RDF/DCAT support #966

noirbizarre · 2017-06-12T09:44:42Z

This PR adds DCAT support:

These points can/should be done in other PRs:

spatial coverage handling (parsing and exposition), idealy reusing geozones
harvest content type negociation improvement (use headers...)
allow search result to be available as rdf in addition to CSV (very easy)

davidbgk · 2017-06-12T09:46:40Z

Fixtures are huge 😱

davidbgk · 2017-06-12T10:05:44Z

udata/rdf.py

+}
+
+# Map formats to default used extensions
+RDF_EXTENSIONS = {


Do we really need all these extensions? I would only activate jsonld for now. It impacts (at least) the number of links rendered in the template.

These are main RDF supported extensions, supporting them comes without extra programming cost and choice has been discussed and validated with @ColinMaudry.
Different format for different usage/tools.
We can't predict what usage or tools will be use to consume udata rdf (not so many tools support JSON-LD). In fact, I've been using different tools during that PR and not all of them support json-ld.
On the harvest part, we need to be able to harvest these formats: not all portals expose json-ld which is the younger format in the list (this is why this is the only one which requires an extra depdency to rdflib).
The DCAT spec is a RDF specification, not JSON-LD specific (DCAT vocabulary itself is not exposed as JSON-LD but only xml and turtle)

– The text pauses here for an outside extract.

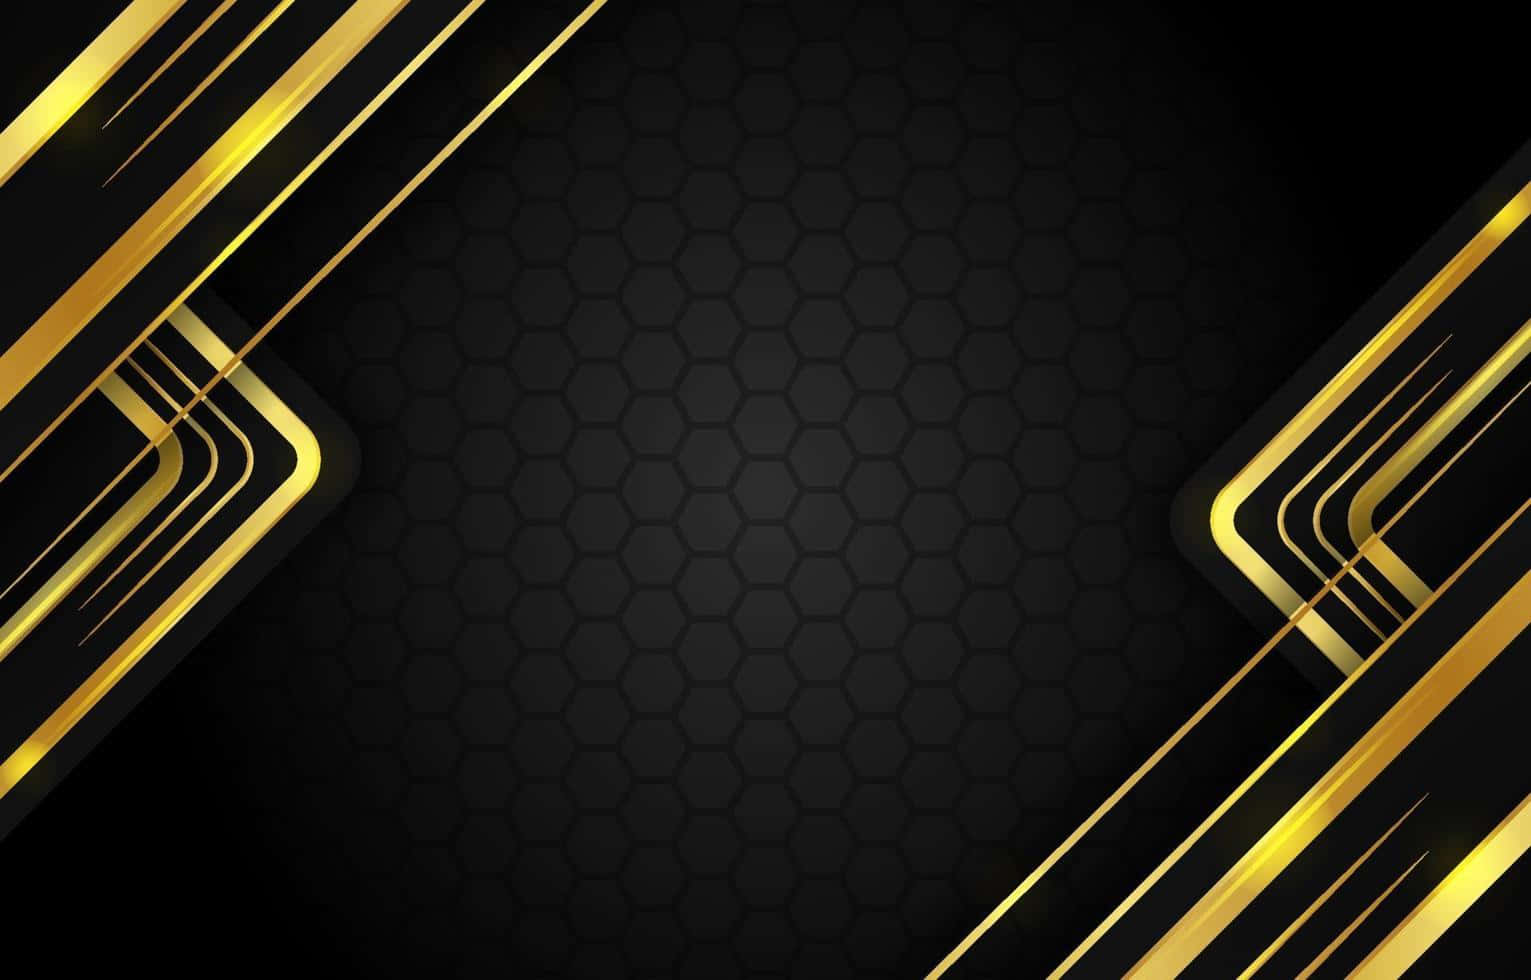 Gold And Black Background With Geometric Lines

noirbizarre · 2017-06-12T10:54:02Z

I removed the fixtures that shouldn't be there.

ColinMaudry · 2017-06-12T11:58:54Z

Regarding content negotiation, is it possible to negotiate an RDF format from /datasets/{id} ?

noirbizarre · 2017-06-12T12:15:53Z

Yes, still to be done (it's in the checklist).
The helpers are done, I just miss the view integration

ColinMaudry · 2017-06-12T12:20:20Z

Fixture = endpoint? I'm not sure of what you call a fixture.

noirbizarre · 2017-06-12T12:22:33Z

A fixture a a set of data required by the test(s).
In our case, fixtures are RDF files to simulate server response.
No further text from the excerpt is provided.